What to do with injured wild animals
Now we are getting out and about a bit more, we may come across more wildlife. But what is the best thing to do if you see wildlife that is sick or injured? If you are unfortunate enough to come across injured wildlife please ensure to follow these important guidelines from the National RSPCA below.
If you find an injured wild animal, watch it first to see how badly hurt it is. Then if possible take it to a nearby vet or wildlife rehabilitator (call first to make sure they can take and treat the animal).
It’s often faster to take an animal to a vet or wildlife rehabilitator yourself the nearest RSPCA officer may be out of the area attending other calls.
If you’re unable to transport the animal and cannot find a wildlife rehabilitator who is able to help, contact the National RSPCA about an animal in distress. If possible, contain the animal before calling.
Be careful when approaching wild animals, they can scratch and bite when frightened, particularly if they’re injured. If in doubt, keep a safe distance and call the National RSPCA on 0300 1234 999.
Who to call for certain animals
The following animals can’t be handled or transported by the public:
- an injured deer
- wild boar
- bird of prey (including owls)
If you see one, keep a safe distance and call the National RSPCA on 0300 1234 999.
Kestrel (bird of prey)
Found a whale, dolphin or porpoise
If you find a whale, dolphin or porpoise on a beach call the National RSPCA or the BDMLR (British Divers Marine Rescue) immediately. Keep a safe distance and don’t touch the animal.
Animals in traps
Never try to free an animal from a snare or trap – you risk hurting yourself and the animal and it could be an offence if the animal was legally caught. Stay back to avoid stressing the animal and call the National RSPCA with the location.
Found a dead bird
If you see a dead bird, please report it to the Garden Wildlife Health Project.

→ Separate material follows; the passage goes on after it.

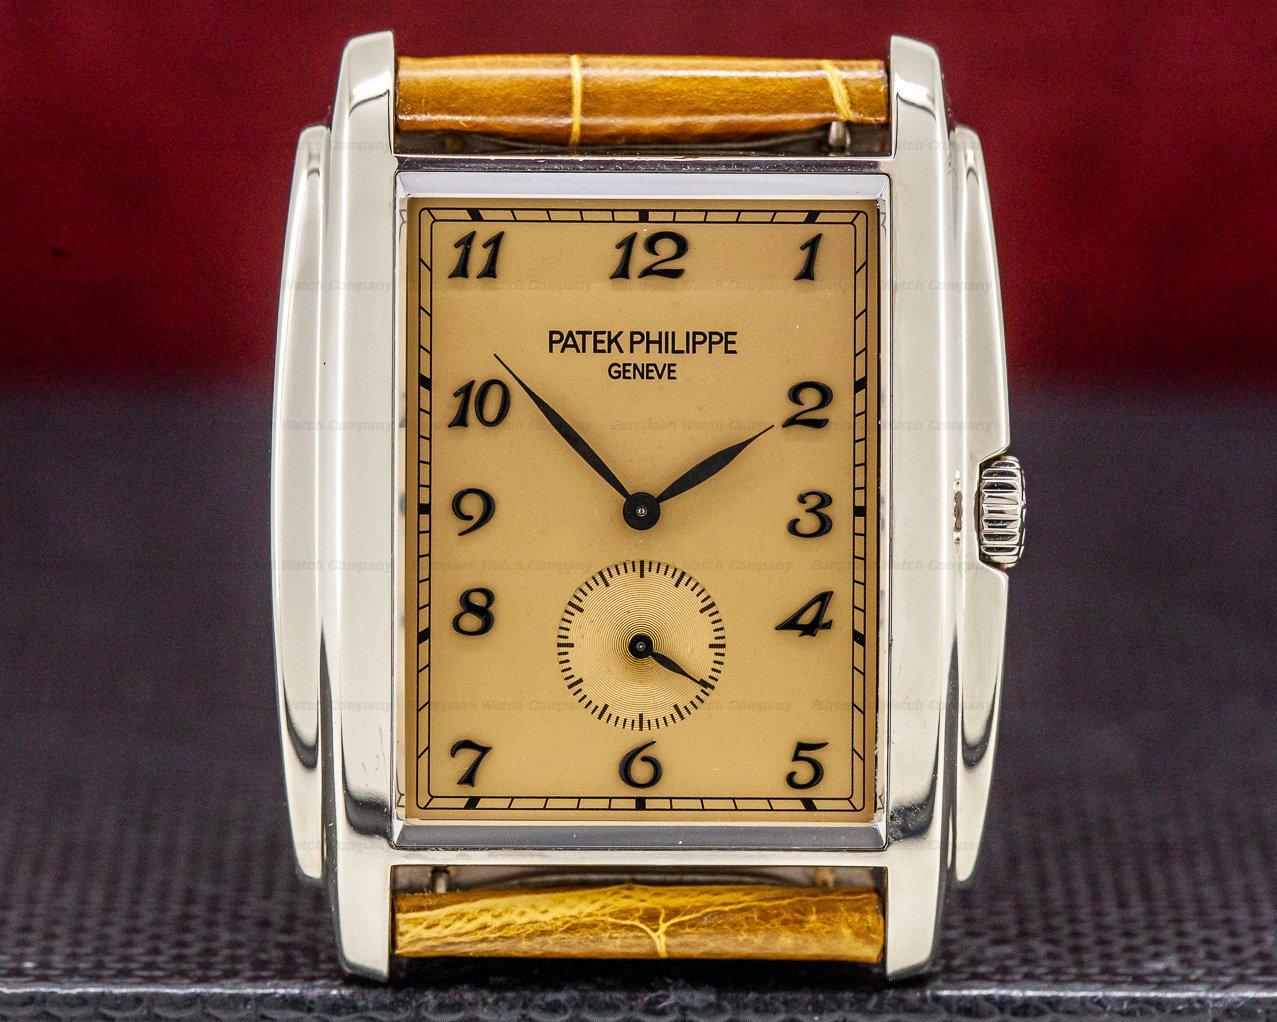 Patek Philippe 5124G-001 Gondolo 18K White Gold Manual Wind

Garden Wildlife Health has produced fact sheets on diseases affecting British birds such as Trichomonosis, Avian pox and Salmonellosis.
If you need to handle an injured animal
Only lift a wild animal if you’re sure that you can do so without risk to yourself or others. Make sure you also keep the animal away from your face. Wear gloves when handling all wild animals, especially oiled wildlife – pollutants like oil can be hazardous. Wash your hands thoroughly after handling an animal as well. Take care in dangerous locations, such as a busy road. Watch from a distance first to see whether the animal is still alive, call for help if you can’t reach it safely.
Found a sick or injured grey squirrel
How you should help
If they’re trapped, for example in your house or caught in a bird feeder, the law still permits freeing the animal and releasing where found. For animals with only minor injuries, it’s best to leave them in the wild.
If you find an injured or sick squirrel contact your local vet. This is usually the quickest way to get help the RSPCA officers may be out attending other calls. If they’re unavailable, please contact National and they will do their best to help.
Be careful handling squirrels
Squirrels have sharp teeth and can be extremely fast, therefore caution should be taken in attempting to confine a squirrel. If you’re advised to confine an injured or sick squirrel, this should be done wearing suitable thick gloves, and by quickly placing the squirrel into a secure metal or plastic pet carrier with ventilation holes, lined with a towel or newspaper.
Capture and boxing injured wildlife
If it’s safe to catch and handle the animal, then, wearing suitable gloves, quickly place it into a secure cardboard box with ventilation holes, lined with a towel or newspaper.
Keep the animal quiet and take it to a vet (call first to make sure they can take and treat the animal), one of the RSPCA wildlife centres or your local wildlife rehabilitator, (but note not all have been inspected by the National RSPCA). If you are unable to transport the animal, call National on 0300 1234 999.